The community participants in the GC-HARMS are truly contributing members of the team. Their presence is a function of the fact that the scientific leadership of the team realizes that they are necessary and not merely convenient participants. Communication is distinctly dialogical. Talk is distinctly bilingual (i.e., practical and scientific). A good example is the presence of small ship captains on the team. These mariners work in the Gulf of Mexico and Galveston Bay. They can be either fisherman or offshore equipment maintenance and repair experts. In order for the public health and environmental toxicology scientists on the team to be able to assess the impact of the oil spill on the quality of aquatic life, they require practical procedures for measuring toxicity, understanding local currents and tide patterns, and so forth. Furthermore, the captains are critical to the establishment of crisis mobilization. They can quickly provide informed transit into the Gulf for the entire team to immediately assess a maritime crisis, days if not weeks before academic or governmental facilities can respond. In effect, the team is extra territorial to the degree its geographic boundaries are set by the nature of particular crises, and its membership includes community residents whose contributions to the team are both (practical) knowledge based and instrumental. These extensions of the team structure occur even before we take into consideration access to the team by governmental officials (e.g., Texas Department of State Health Services) or academic experts (e.g., marine biologists from Texas A & M University Galveston Campus).Overall, the ETRT creates a productively high sense of adventure given the quick pace and timeliness given the relevance of the oil spill to all team members.
CONCLUSION
By looking beyond the obvious and taken-for-granted features of translational research teams, we are free to discover yet new ways of organizing research that are innovative yet productive. By seeing these teams analytically as relationship systems and idea generators, and not things, we open the door to “seeing” new members and new resources. A result of this stance towards the case study at hand is the idea of the extra-territorial research team, whose participants extend beyond the traditional delineations of team membership. The idea of the extra-territorial research team offers full team membership to relevant lay persons/scientists, without unnecessarily demoting them to the “community” audience to the scientists’ work.
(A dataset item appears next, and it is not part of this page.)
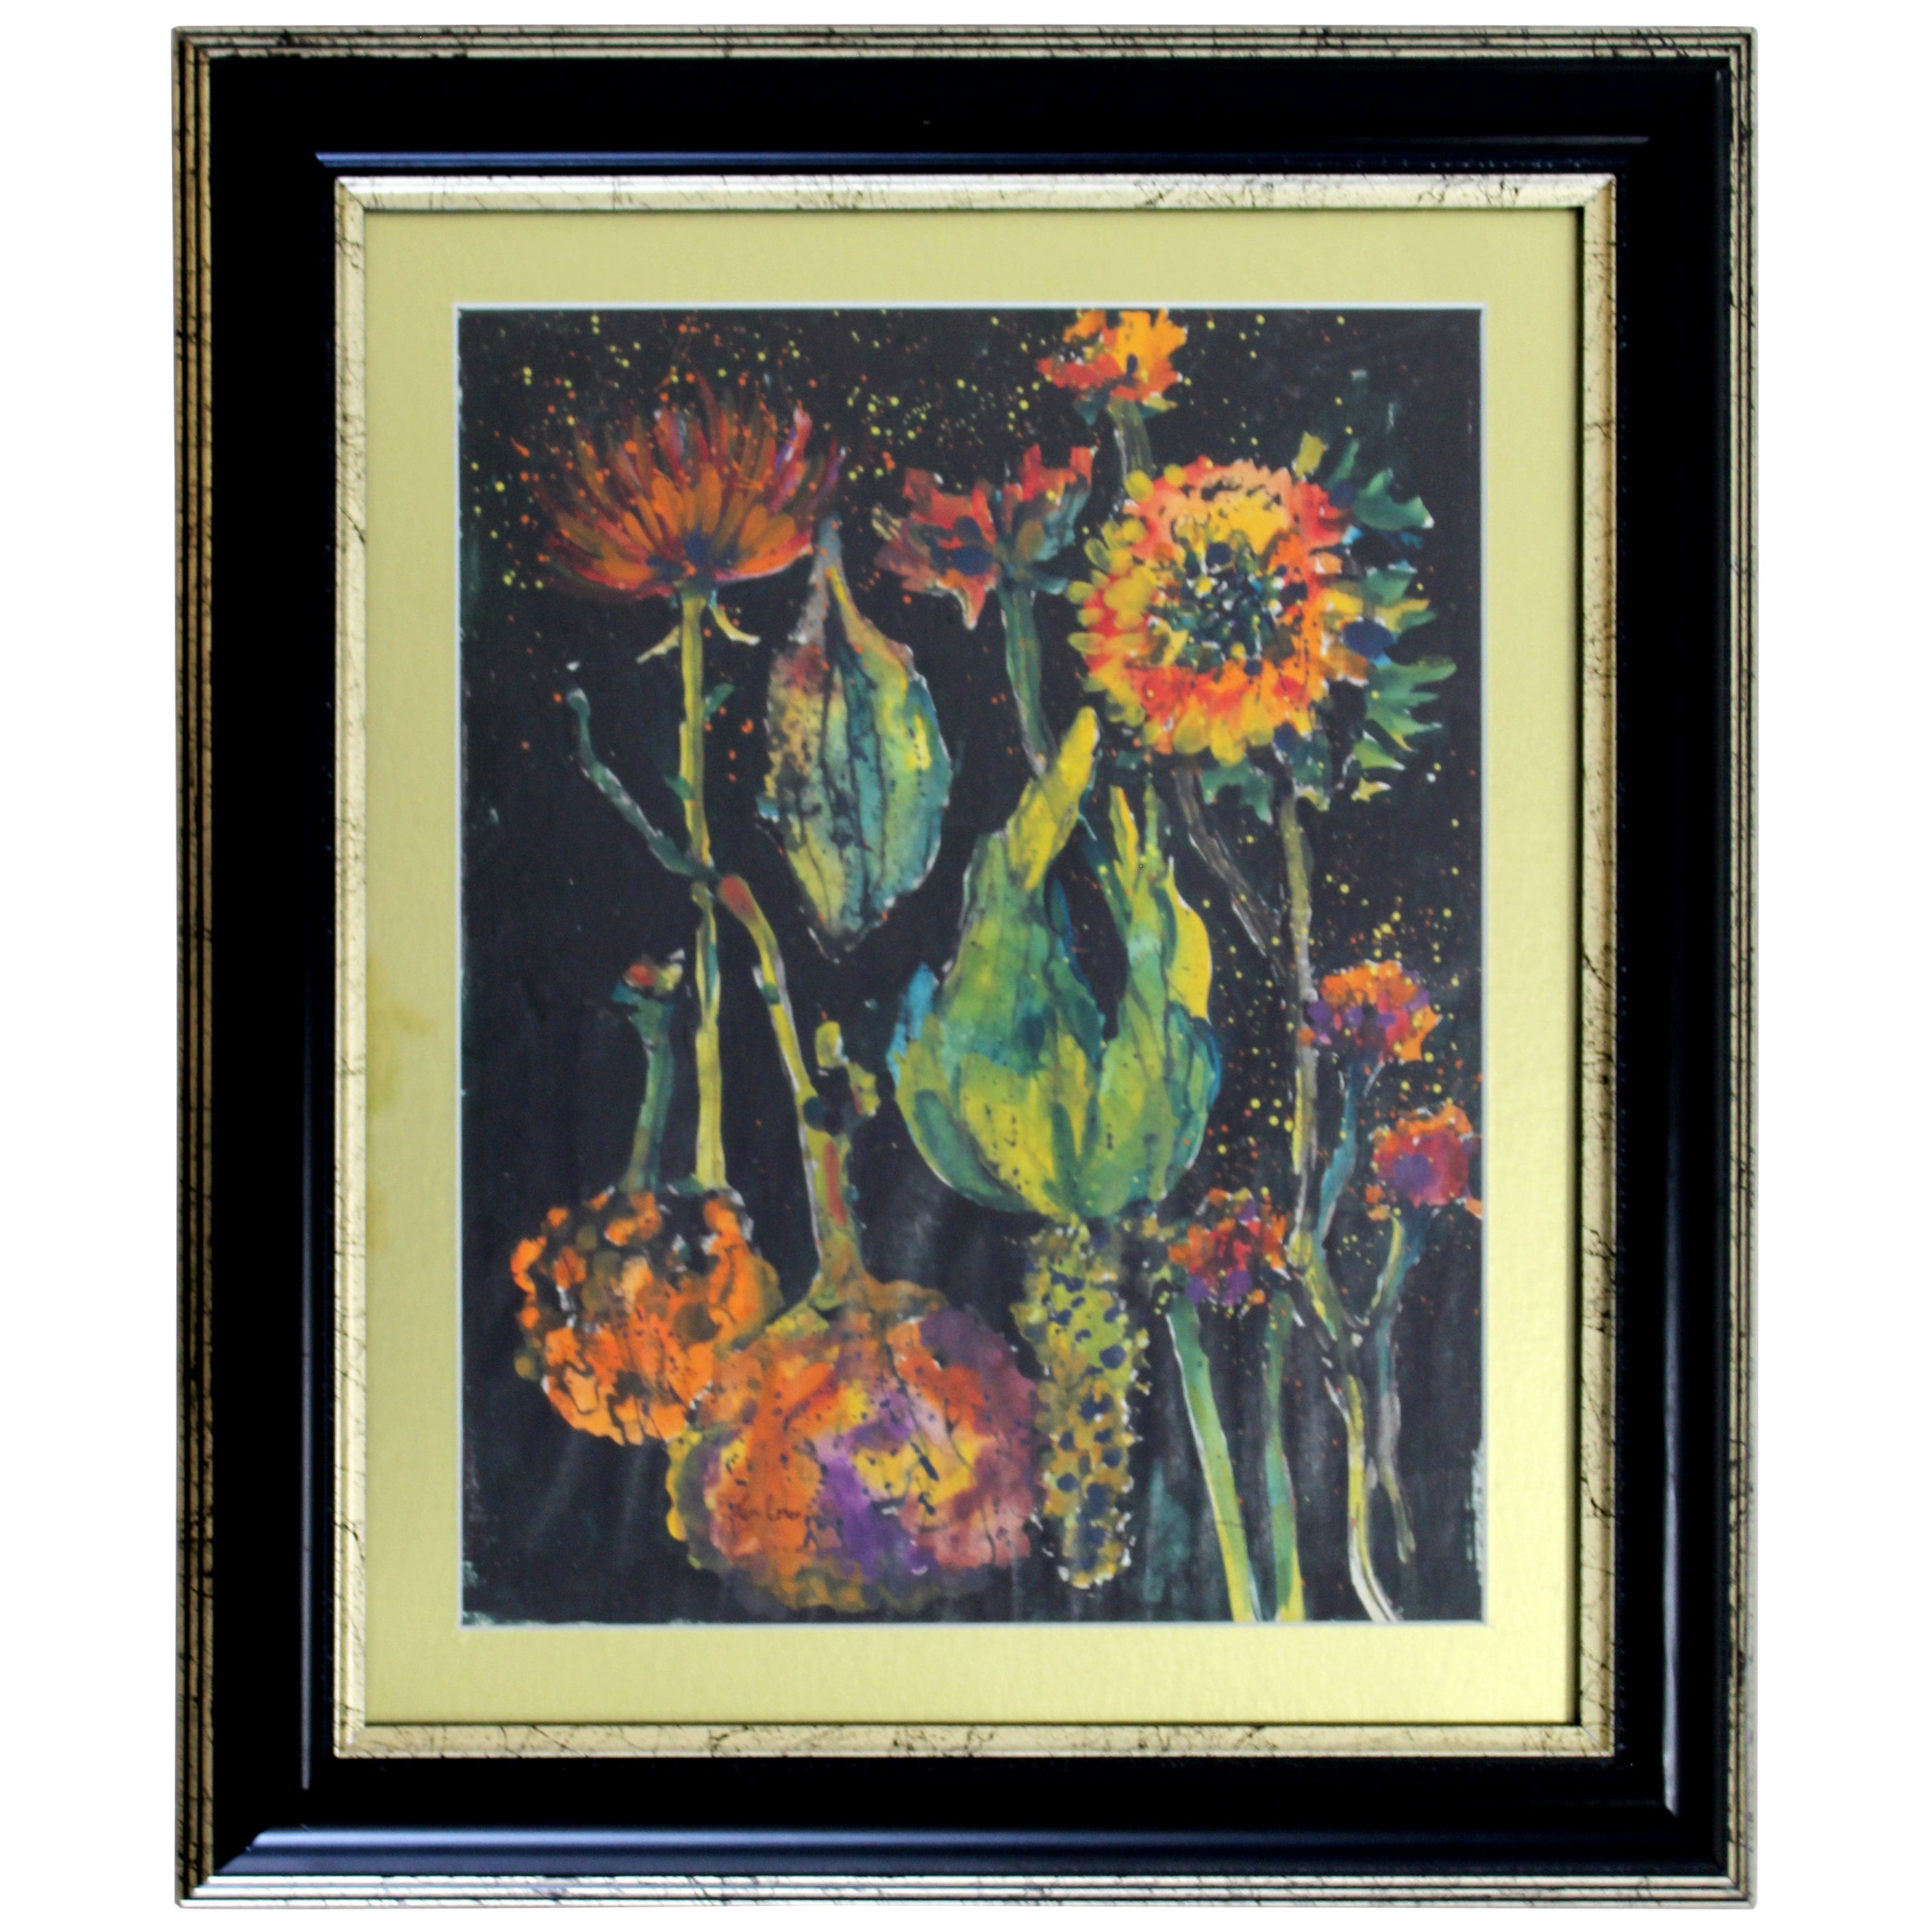 Contemporary John Loree Signed Framed Mixed Media Watercolor Still Life Painting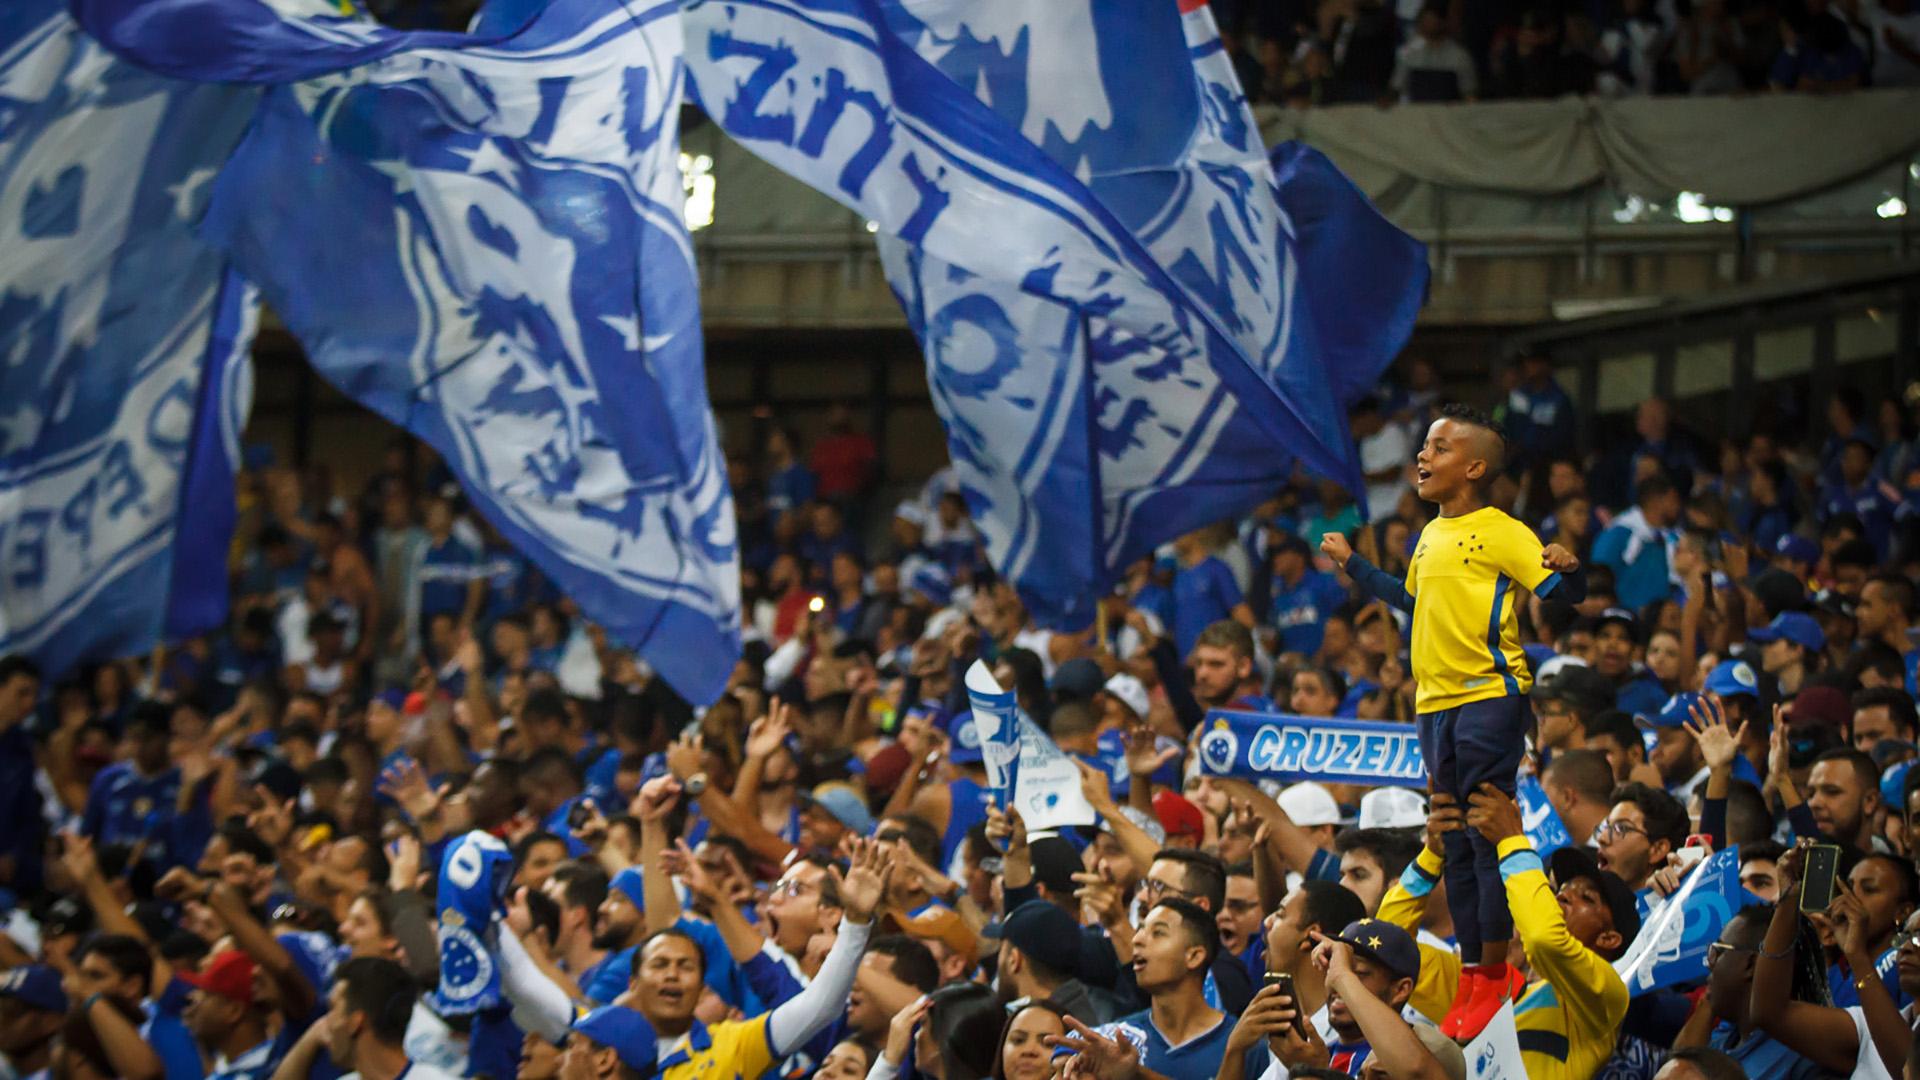 Torcida Cruzeiro Atlético-MG Copa do Brasil 11072019

The concept of an extra-territorial team perhaps makes best sense when attempted in scientific and clinical areas such a public health, as illustrated above. Scientific and clinical responses to public health crises require formidable expertise in local culture, traditions, language, and politics [20]. They may also require specialized academic knowledge. Future research should investigate the value of this concept to other kinds of scientific and clinical problems amenable to a team approach (e.g., basic “bench” research and animal research). The extra-territorial team in translational science opens the door to shaping our science to meets the needs, contingencies, and expertise of the communities we serve.
ACKNOWLEDGEMENTS
This article was prepared with the support of the Institute for Translational Sciences at the University of Texas Medical Branch, supported in part by a Clinical and Translational Science Award (UL1TR000071) from the National Center for Advancing Translational Sciences, National Institutes of Health.